TrickMo para Android passa a usar a blockchain TON para comunicação covertible
11 de Maio de 2026

Uma nova variante do malware bancário TrickMo para Android, distribuída em campanhas que miram usuários em toda a Europa, traz novos comandos e usa a The Open Network (TON) para comunicações furtivas de comando e controle.

O banker TrickMo foi identificado pela primeira vez em setembro de 2019 e, desde então, permanece em desenvolvimento ativo, recebendo atualizações constantes.

Em outubro de 2024, a Zimperium analisou 40 variantes do malware distribuídas por meio de 16 droppers, com comunicação em 22 infraestruturas distintas de comando e controle (C2) e foco na coleta de dados sensíveis de usuários em todo o mundo.

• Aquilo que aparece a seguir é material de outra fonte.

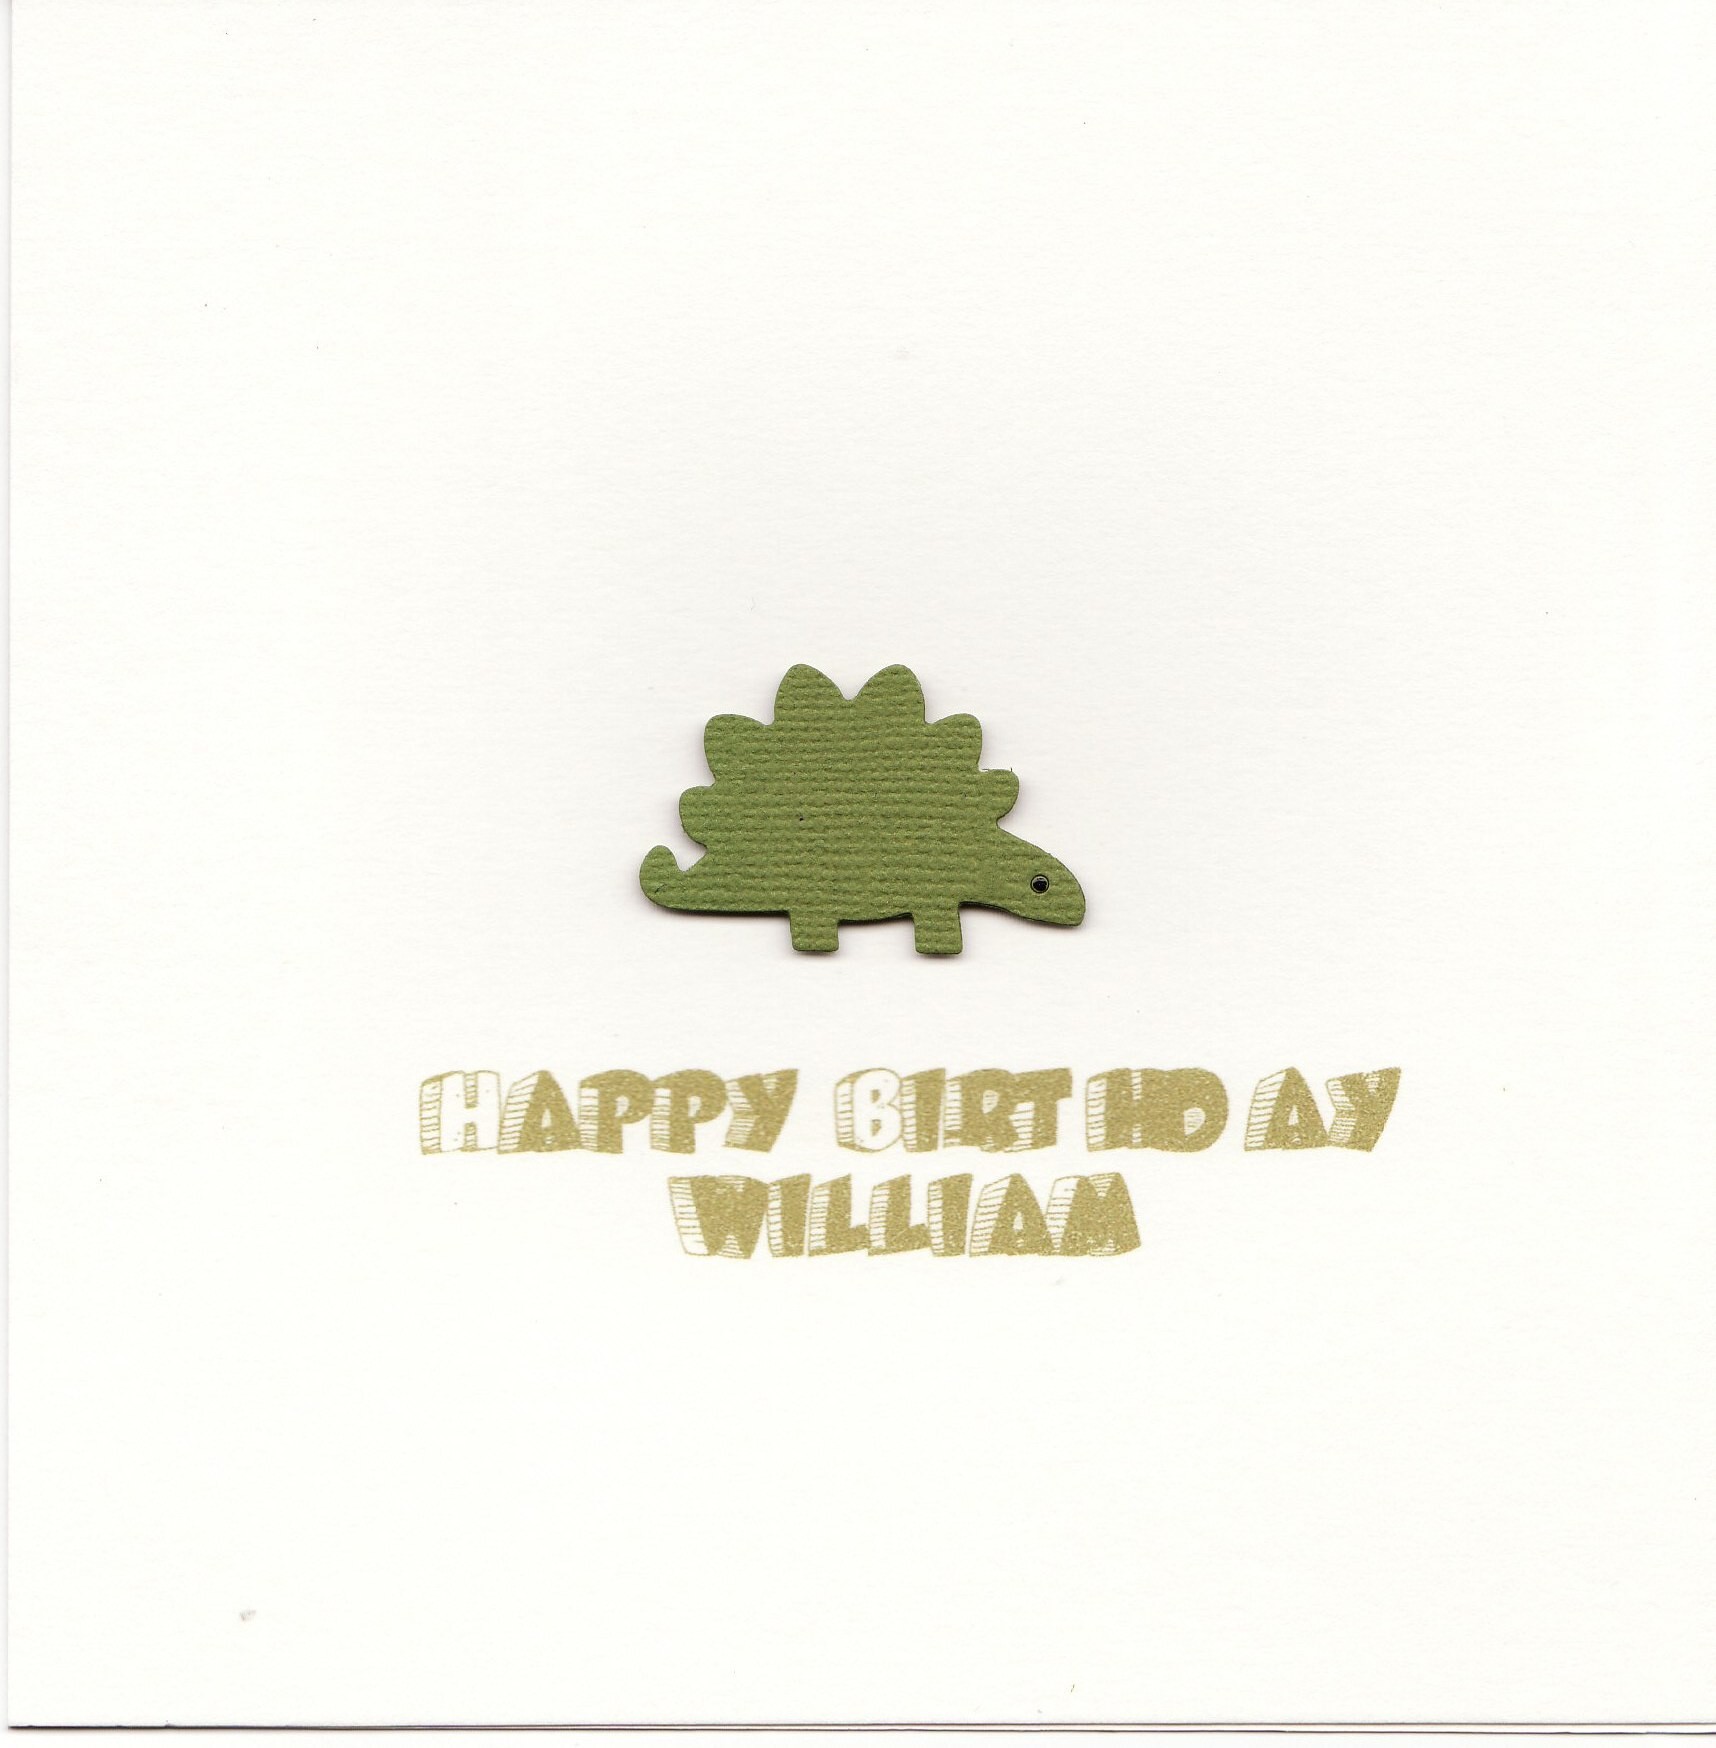 Birthday Card - Dinosaur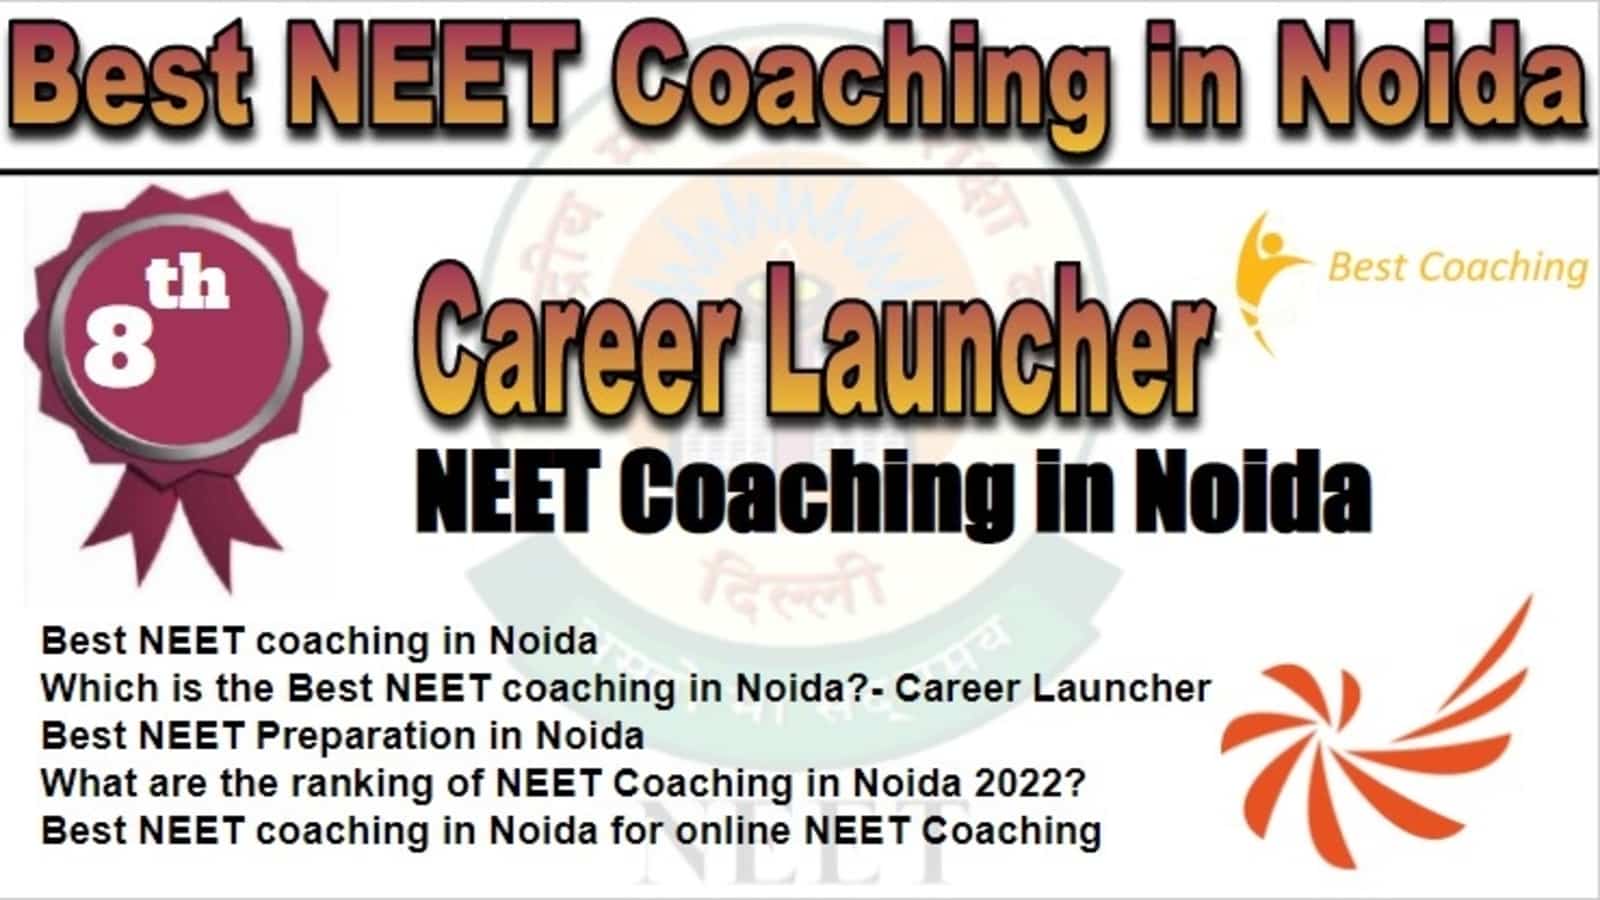 Rank 8 Best NEET Coaching in Noida

A variante mais recente foi descoberta pela ThreatFabric, que a rastreia como “Trickmo.C”.

Os pesquisadores acompanham essa versão desde janeiro.

Em relatório divulgado nesta quarta-feira, a ThreatFabric afirma que o malware se disfarça como aplicativos do TikTok ou de streaming e tem como alvo carteiras bancárias e de criptomoedas de usuários na França, Itália e Áustria.

A principal novidade da variante atual é a comunicação baseada em TON com o operador, que usa endereços .ADNL roteados por meio de um proxy local embutido da TON executado no dispositivo infectado.

A TON é uma rede descentralizada ponto a ponto, originalmente desenvolvida no ecossistema do Telegram, que permite que dispositivos se comuniquem com a web por meio de uma rede sobreposta criptografada, em vez de servidores de internet expostos publicamente.

A TON usa um identificador de 256 bits em vez de um domínio tradicional, o que oculta o endereço IP e a porta de comunicação.

Com isso, fica mais difícil identificar, bloquear ou desativar a infraestrutura real do servidor.

“Os desligamentos tradicionais de domínios são, em grande parte, ineficazes porque os endpoints do operador não dependem da hierarquia pública de DNS e, em vez disso, existem como identidades TON .adnl resolvidas dentro da própria rede sobreposta”, explica a ThreatFabric.

“O tráfego detectado na borda da rede vê apenas tráfego da TON, que é criptografado e indistinguível do fluxo de saída de qualquer outro aplicativo habilitado para TON.”

O TrickMo é um malware modular com um design em duas etapas: um APK hospedeiro que atua como loader e camada de persistência, e um módulo APK baixado em tempo de execução que implementa as funcionalidades ofensivas.

O malware mira credenciais bancárias por meio de sobreposições de phishing, realiza registro de teclas, gravação de tela e transmissão ao vivo da tela, além de interceptar SMS, suprimir notificações de OTP, modificar a área de transferência, filtrar notificações e capturar screenshots.

A ThreatFabric informa que a nova variante adiciona os seguintes comandos e capacidades:

- curl
- dnsLookup
- ping
- telnet
- traceroute
- túnel SSH
- encaminhamento remoto de portas
- encaminhamento local de portas
- suporte a proxy SOCKS5 autenticado

Os pesquisadores também encontraram o framework de runtime hooking Pine, usado anteriormente para interceptar operações de rede e do Firebase, mas ele está atualmente inativo, pois não há hooks instalados.

O TrickMo também declara permissões amplas de NFC e reporta capacidades de NFC na telemetria, mas os pesquisadores não encontraram qualquer funcionalidade ativa relacionada ao recurso.

Usuários de Android são aconselhados a baixar aplicativos somente na Google Play, limitar a quantidade de apps instalados no aparelho, usar apenas softwares de publishers confiáveis e garantir que o Play Protect permaneça ativo o tempo todo.